Architecture overview¶
Constructing a federated model with FEDn amounts to a) specifying the details of the client-side training code and data integrations, and b) deploying the reducer-combiner network. A FEDn network, as illustrated in the picture below, is made up of three main components: the Reducer, one or more Combiners, and a number of Clients. The combiner network forms the backbone of the FedML orchestration mechanism, while the Reducer provides discovery services and provides controls to coordinate training over the combiner network. By horizontally scaling the combiner network, one can meet the needs of a growing number of clients.
Main components¶
Client¶
A Client is a data node, holding private data and connecting to a Combiner to receive model update requests and model validation requests during training rounds. Importantly, clients do not require any open ingress ports. A client receives the code to be executed from the Reducer upon connecting to the network, and thus they only need to be configured prior to connection to read the local datasets during training and validation. Python3 client implementation is provided out of the box, and it is possible to write clients in a variety of languages to target different software and hardware requirements.
Combiner¶
A combiner is an actor whose main role is to orchestrate and aggregate model updates from a number of clients during a training round. When and how to trigger such orchestration rounds are specified in the overall compute plan laid out by the Reducer. Each combiner in the network runs an independent gRPC server, providing RPCs for interacting with the alliance subsystem it controls. Hence, the total number of clients that can be accommodated in a FEDn network is proportional to the number of active combiners in the FEDn network. Combiners can be deployed anywhere, e.g. in a cloud or on a fog node to provide aggregation services near the cloud edge.
Reducer¶
The reducer fills three main roles in the FEDn network: 1.) it lays out the overall, global training strategy and communicates that to the combiner network. It also dictates the strategy to aggregate model updates from individual combiners into a single global model, 2.) it handles global state and maintains the model trail - an immutable trail of global model updates uniquely defining the FedML training timeline, and 3.) it provides discovery services, mediating connections between clients and combiners. For this purpose, the Reducer exposes a standard REST API.

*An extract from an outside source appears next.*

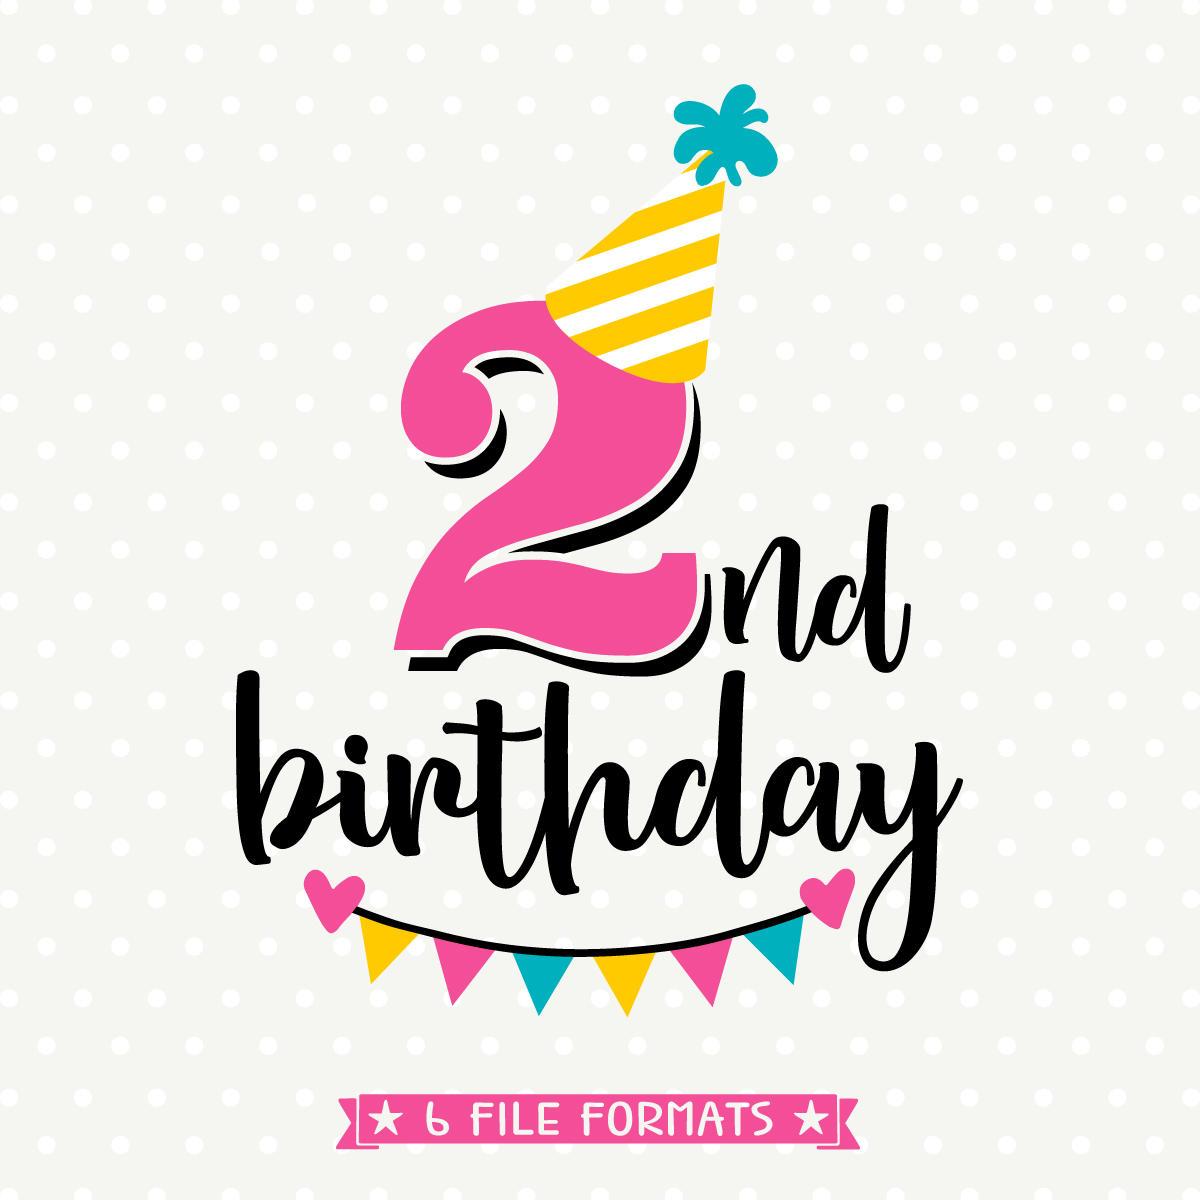 2nd Birthday SVG Second Birthday Cut File Birthday Iron On

Services and communication¶
The figure below provides a logical architecture view of the services provided by each agent and how they interact.
Control flows and algorithms¶
FEDn is designed to allow customization of the FedML algorithm, following a specified pattern, or programming model. Model aggregation happens on two levels in the system. First, each Combiner can be configured with a custom orchestration and aggregation implementation, that reduces model updates from Clients into a single, combiner level model. Then, a configurable aggregation protocol on the Reducer level is responsible for combining the combiner-level models into a global model. By varying the aggregation schemes on the two levels in the system, many different possible outcomes can be achieved. Good staring configurations are provided out-of-the-box to help the user get started.
Hierarchical Federated Averaging¶
The currently implemented default scheme uses a local SGD strategy on the Combiner level aggregation and a simple average of models on the reducer level. This results in a highly horizontally scalable FedAvg scheme. The strategy works well with most artificial neural network (ANNs) models, and can in general be applied to models where it is possible and makes sense to form mean values of model parameters (for example SVMs). Additional FedML training protocols, including support for various types of federated ensemble models, are in active development.